_Work order:_
Word for word, give again the line holding "Patriot Memory предлагает" and each line after it to the end of the listing below.
____
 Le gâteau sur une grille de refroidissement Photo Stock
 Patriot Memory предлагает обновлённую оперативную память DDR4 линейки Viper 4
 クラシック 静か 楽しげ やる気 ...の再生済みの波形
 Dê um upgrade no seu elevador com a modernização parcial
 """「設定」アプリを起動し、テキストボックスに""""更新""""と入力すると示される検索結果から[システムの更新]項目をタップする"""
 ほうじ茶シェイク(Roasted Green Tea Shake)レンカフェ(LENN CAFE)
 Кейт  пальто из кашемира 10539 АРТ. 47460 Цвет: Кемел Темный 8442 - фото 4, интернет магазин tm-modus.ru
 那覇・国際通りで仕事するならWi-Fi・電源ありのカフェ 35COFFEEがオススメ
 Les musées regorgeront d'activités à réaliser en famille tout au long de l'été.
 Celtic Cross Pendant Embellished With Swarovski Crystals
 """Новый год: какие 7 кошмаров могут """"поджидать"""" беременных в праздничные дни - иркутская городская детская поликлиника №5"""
____
_Task output:_
 Patriot Memory предлагает обновлённую оперативную память DDR4 линейки Viper 4
 クラシック 静か 楽しげ やる気 ...の再生済みの波形
 Dê um upgrade no seu elevador com a modernização parcial
 """「設定」アプリを起動し、テキストボックスに""""更新""""と入力すると示される検索結果から[システムの更新]項目をタップする"""
 ほうじ茶シェイク(Roasted Green Tea Shake)レンカフェ(LENN CAFE)
 Кейт  пальто из кашемира 10539 АРТ. 47460 Цвет: Кемел Темный 8442 - фото 4, интернет магазин tm-modus.ru
 那覇・国際通りで仕事するならWi-Fi・電源ありのカフェ 35COFFEEがオススメ
 Les musées regorgeront d'activités à réaliser en famille tout au long de l'été.
 Celtic Cross Pendant Embellished With Swarovski Crystals
 """Новый год: какие 7 кошмаров могут """"поджидать"""" беременных в праздничные дни - иркутская городская детская поликлиника №5"""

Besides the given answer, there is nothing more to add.